Edelman Bret, Selvaraj Bright Jebaraj, Joshi Minal, Patil Uday, Yarmush Joel
Department of Anesthesiology, New York Presbyterian-Brooklyn Methodist Hospital, Brooklyn, NY 11215, USA.
Department of Pediatrics (Division of Neonatal-Perinatal Medicine), Icahn School of Medicine at Mount Sinai, New York, NY 10029, USA.
Anesthesiol Res Pract. 2019 Nov 3;2019:8621801. doi: 10.1155/2019/8621801. eCollection 2019.

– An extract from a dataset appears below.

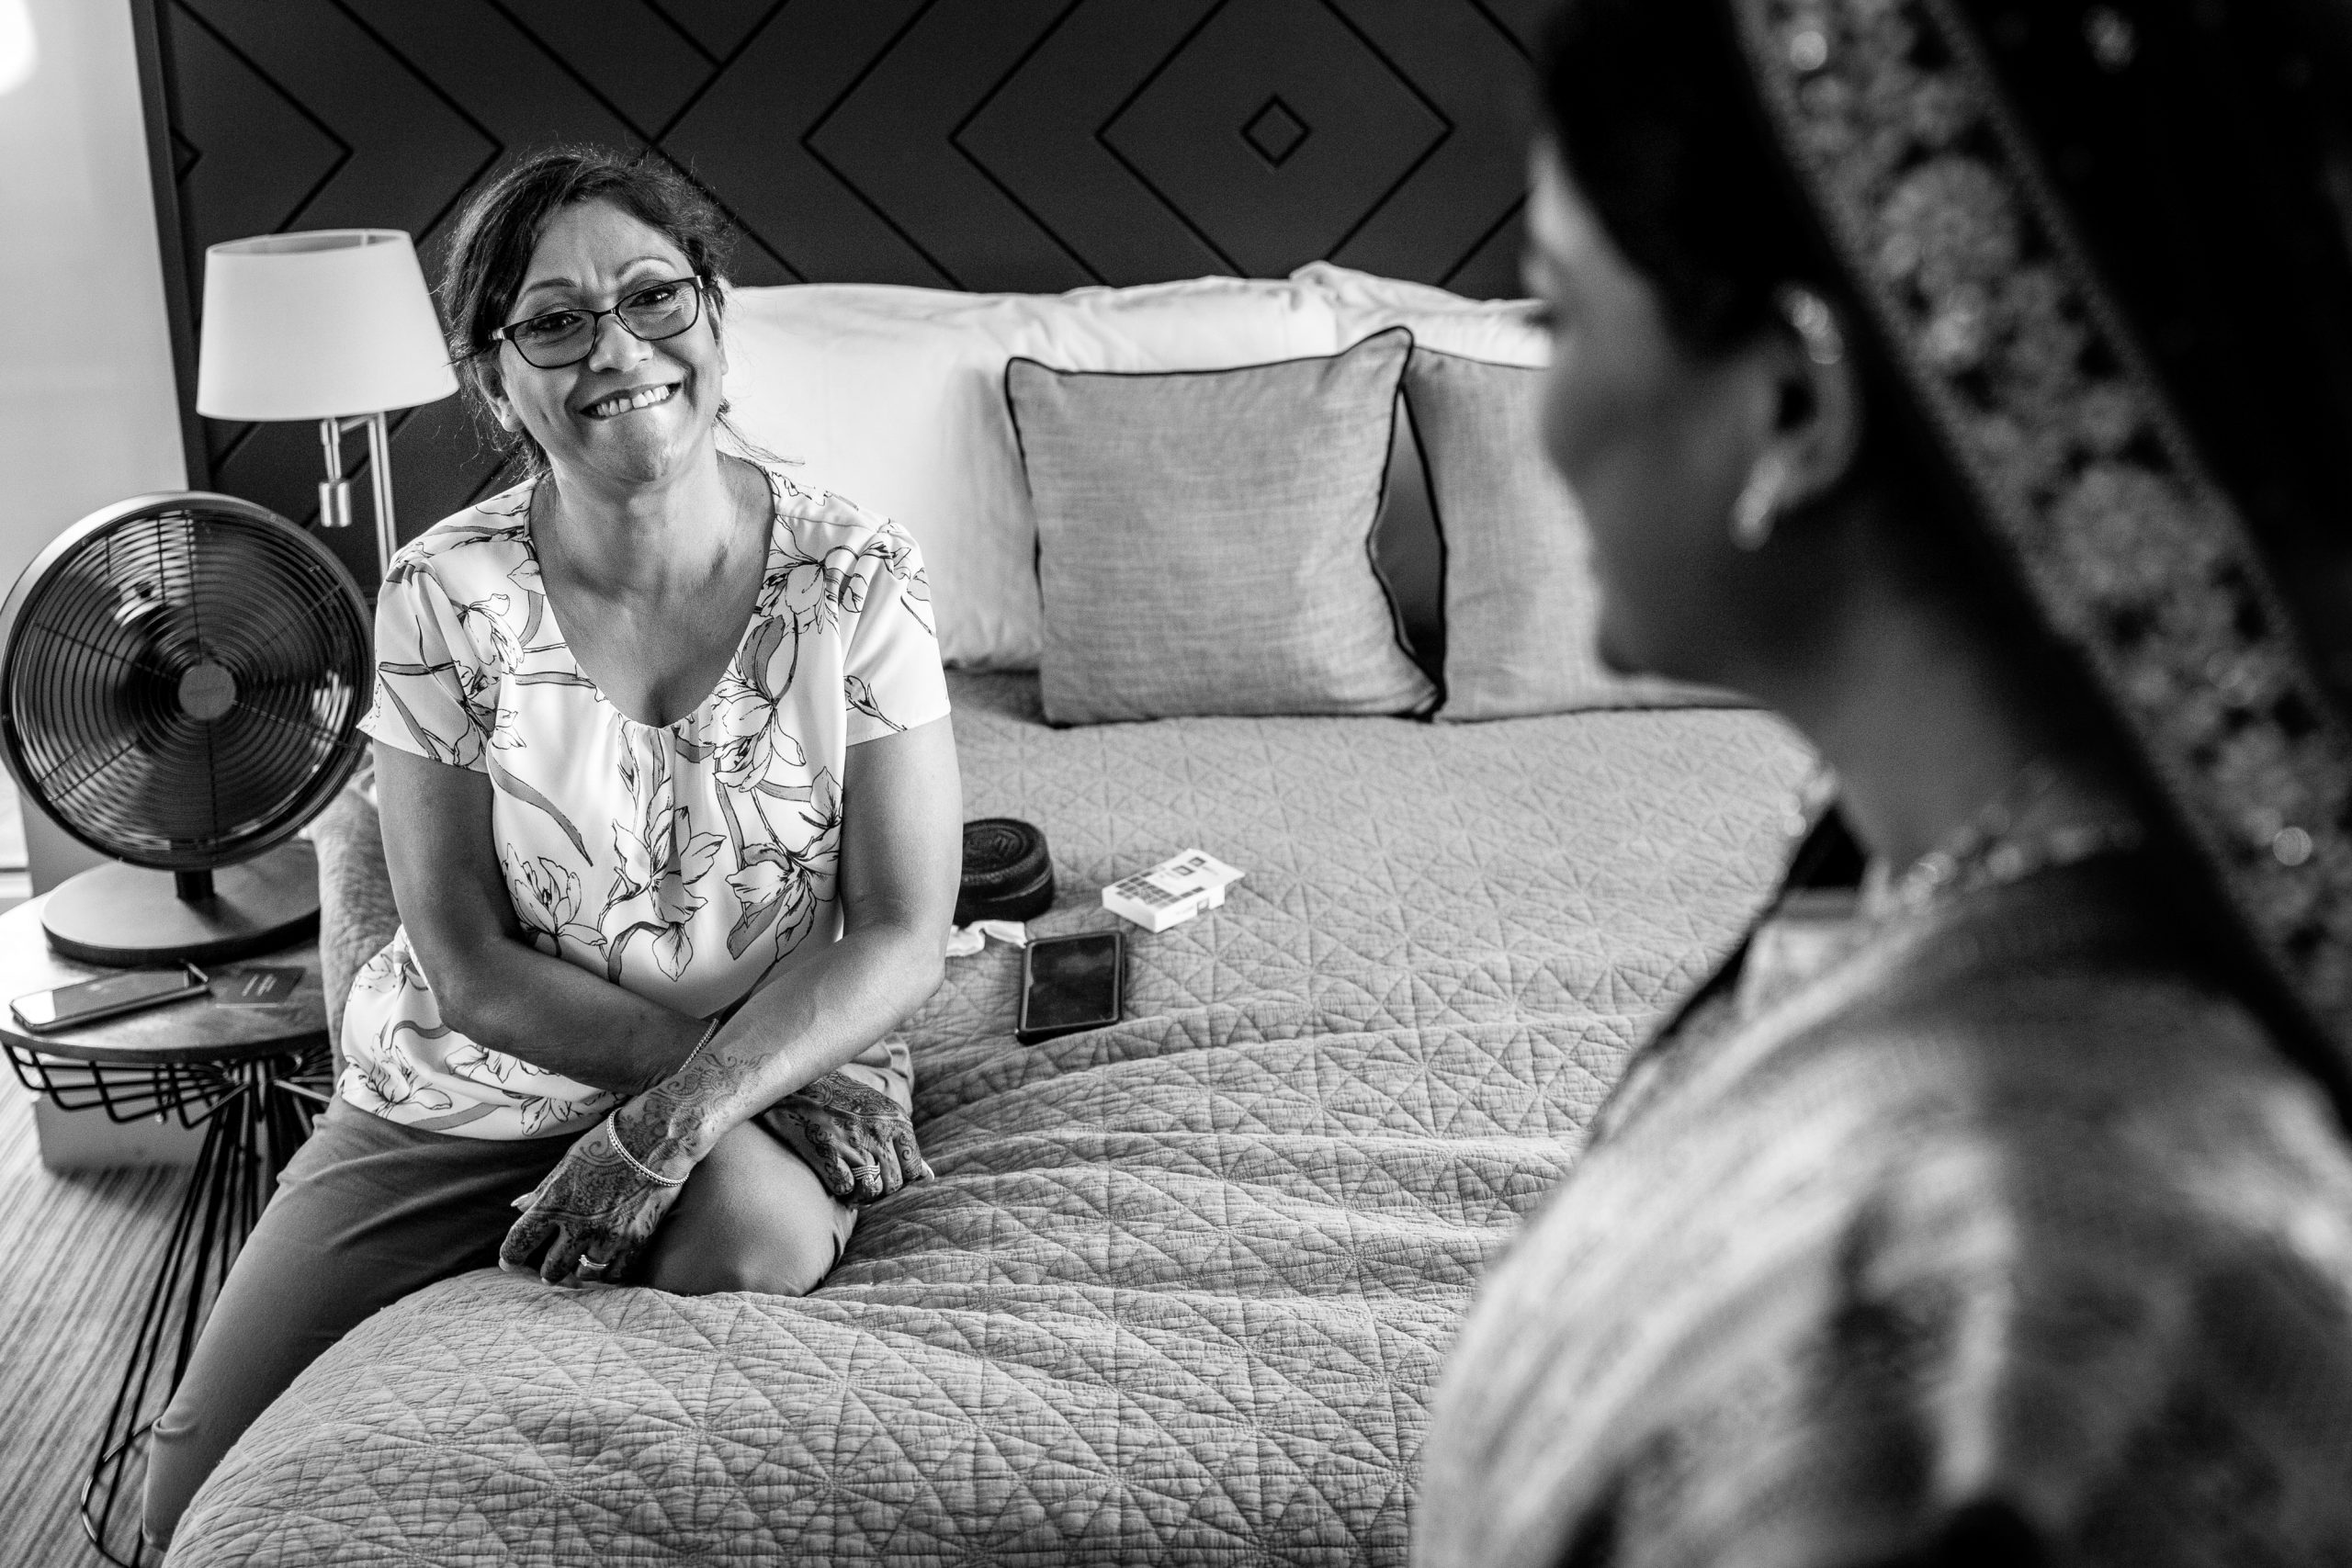 mother_of_the_bride looking lovingly at bride during bridal prep of indian fusion wedding at denbies dorking natural unposed candid wedding photography by LGBTQ_friendly documentary wedding photographer surrey sussex

Tracheoesophageal fistula (TEF) is a rare congenital developmental anomaly, affecting 1 in 2500-3000 live births. The H-type TEF, consisting of a fistula between the trachea and a patent esophagus, is one of the rare anatomic subtypes, accounting for 4% of all TEFs. The presentation and perioperative management of neonates with H-type TEFs and all other TEFs are very similar to each other. Patients present with congenital heart disease and other defects and are prone to recurrent aspirations. A barium esophagogram or computed tomography of the chest is a common means to the diagnosis, and surgical repair is carried out through either a cervical approach or a right thoracotomy. During operation, anesthetic management is focused on preventing positive pressure ventilation through the fistula in an attempt to minimize gastric distension. For patients with H-type TEFs, because of the patent esophagus, symptoms are often less severe and nonspecific, resulting in subtle yet important differences in their diagnostic workup and management. This review will cover the finer details in the diagnosis and perioperative anesthetic management of TEF patients and clarify how H-type TEF distinguishes itself from the other anatomic subtypes.
气管食管瘘(TEF)是一种罕见的先天性发育异常,在2500 - 3000例活产儿中约有1例受影响。H型TEF由气管与通畅的食管之间的瘘管组成,是罕见的解剖学亚型之一,占所有TEF的4%。H型TEF新生儿与所有其他TEF新生儿的临床表现和围手术期管理非常相似。患者常伴有先天性心脏病和其他缺陷,且容易反复出现误吸。食管钡餐造影或胸部计算机断层扫描是常用的诊断方法,手术修复可通过颈部入路或右胸切开术进行。手术过程中,麻醉管理的重点是防止通过瘘管进行正压通气,以尽量减少胃扩张。对于H型TEF患者,由于食管通畅,症状通常较轻且不具特异性,导致其诊断检查和管理存在细微但重要的差异。本综述将涵盖TEF患者诊断和围手术期麻醉管理的更详细内容,并阐明H型TEF与其他解剖学亚型的区别。